Hacker News new | ask | show | jobs
by fwilliams 1524 days ago
To quote the article:

> But even putting aside the fact that claiming someone else's writing as one's own is wrong, the value in survey papers is in how they re-frame the field. A survey paper that just copies directly from the prior paper hasn't contributed anything new to the field that couldn't be obtained from a list of references.

Good survey papers can be important contributions in their own right (e.g. [1]). A good survey should contextualize works within a subject area with respect to each other and identify high level trends/ideas in that subject. These connections are not only useful for learning a topic, but also for positioning novel work or identifying under-researched areas to focus on.

If the authors felt that one of the papers they plagiarized concisely expressed what they wanted to say, they could simply quote and cite that work. Otherwise, it could be construed that the authors are claiming to be the ones drawing the conclusions they wrote. Moreover, from the article, the survey in question seems to be pretty egregiously plagiarizing, which deserves to be called out/shamed.

[1] https://arxiv.org/abs/2111.11426

1 comments

I disagree with this:

> But even putting aside the fact that claiming someone else's writing as one's own is wrong, the value in survey papers is in how they re-frame the field. A survey paper that just copies directly from the prior paper hasn't contributed anything new to the field that couldn't be obtained from a list of references.

Whether or not a survey paper is "good" is irrelevant here. Yes, a survey paper that just lists others papers may be a bad survey paper, but it does nothing wrong as long as it cites the original papers, which this does. A bad survey paper may not be published in a journal, that's what peer review is for, but there is nothing wrong with publishing it openly on the web.

And there is still value in aggregating other papers, even if it's just a list with description. That's the reason why these "awesome-XX" Github repos are so popular. Time to hunt them down?

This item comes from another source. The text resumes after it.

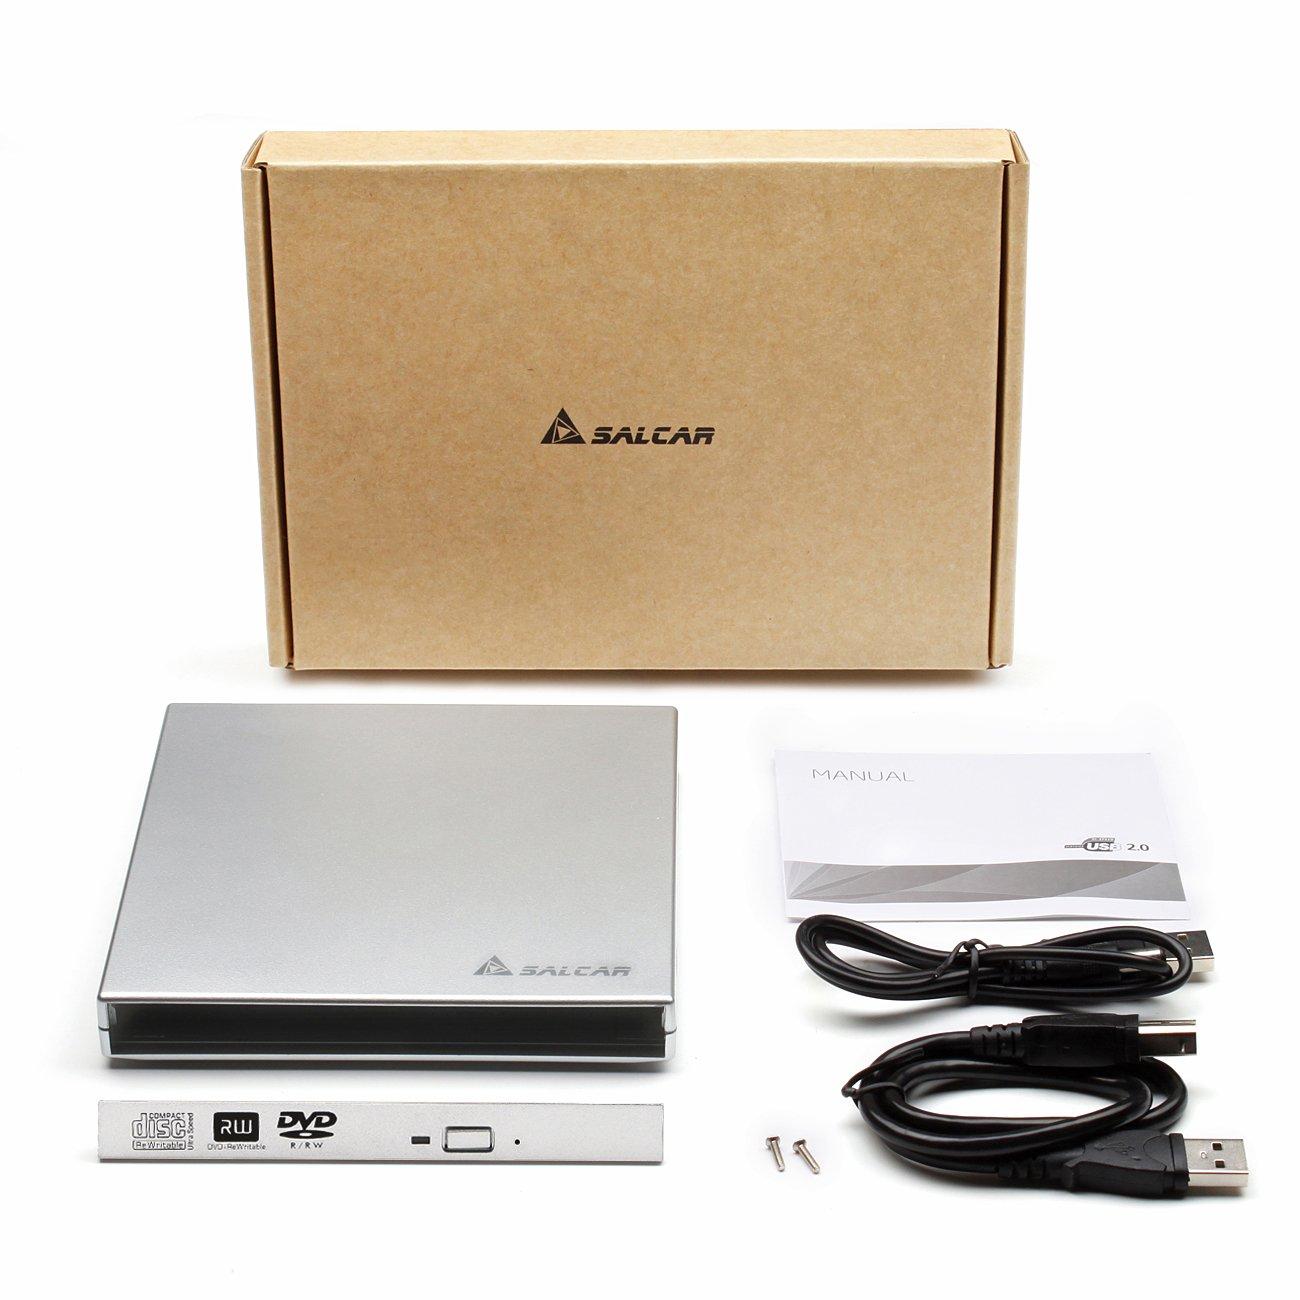 Salcar - DVD Externo Adaptador Caja Carcasa para unidades de almacenamiento portátiles SATA para unidades de reproducción de Notebook CD/DVD Drive de ...
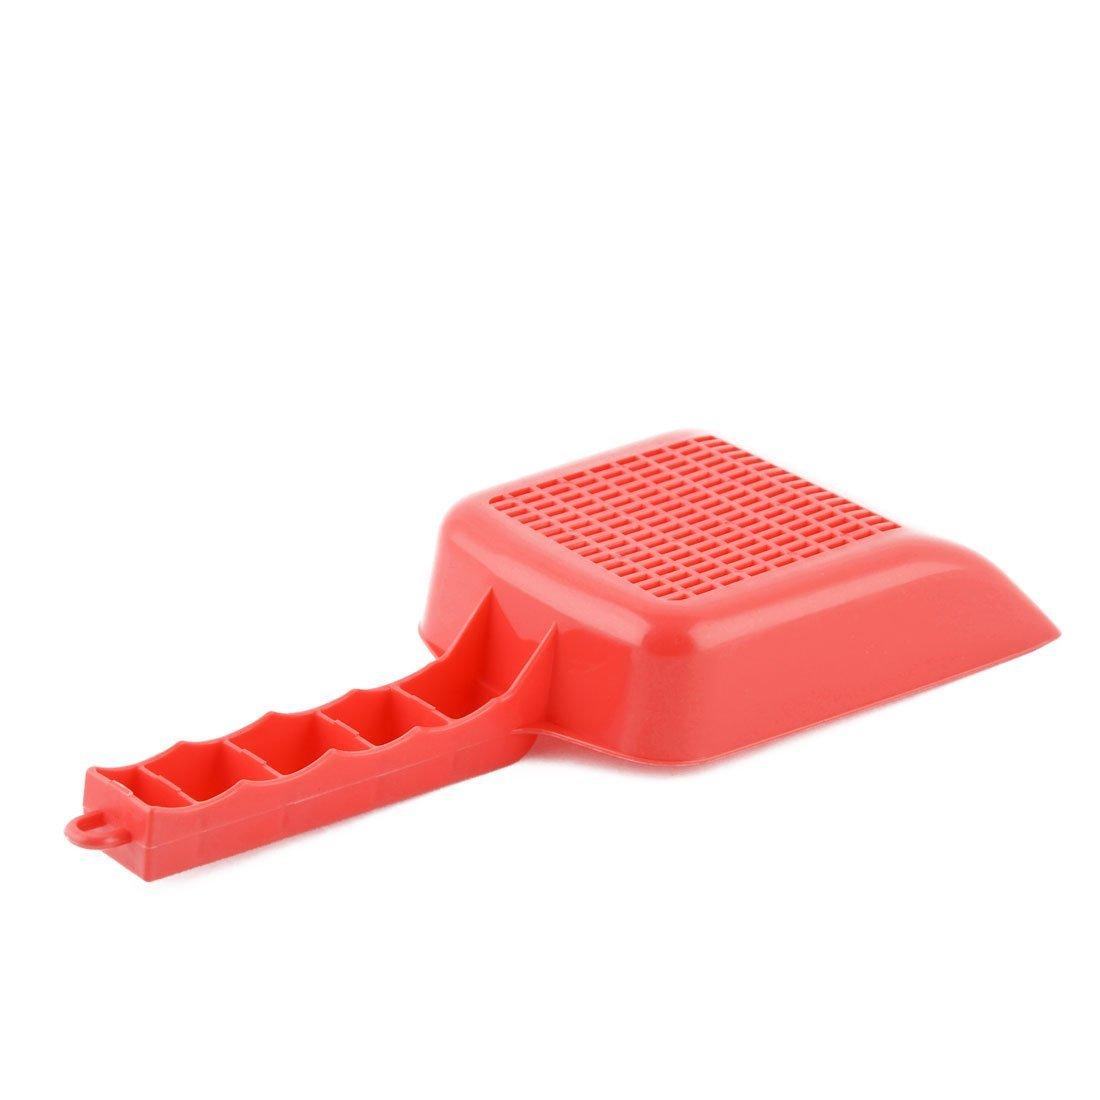 Amazon.com : eDealMax acuario de plástico pecera pecera Arena ...

If you look at the plagiarized language in the article, it seems as if the BM paper authors are claiming contributions (emphasis mine). Credit is a major currency in research, and it's important to give it where it is due. If someone did this with one of my papers, I'd be quite upset.

For example (Emphasis mine):

> The risks of data memorization, for example, the ability to extract sensitive data such as valid phone numbers and IRC usernames, are highlighted by Carlini et al. [41]. While their paper identifies 604 samples that GPT-2 emitted from its training set, we show that over 1 of the data most models emit is memorized training data. In computer vision, memorization of training data has been studied from various angles for both discriminative and generative models Deduplicating training data does not hurt perplexity: models trained on deduplicated datasets have no worse perplexity compared to baseline models trained on the original datasets. In some cases, deduplication reduces perplexity by up to 10%. Further, because recent LMs are typically limited to training for just a few epochs

Yes, I agree that's bad but looks like sloppy copy and pasting as opposed to intentional plagiarism to claim contributions. Would it have been okay if they said "they" instead of "we"?
Then who is "they" in this situation? You need a citation!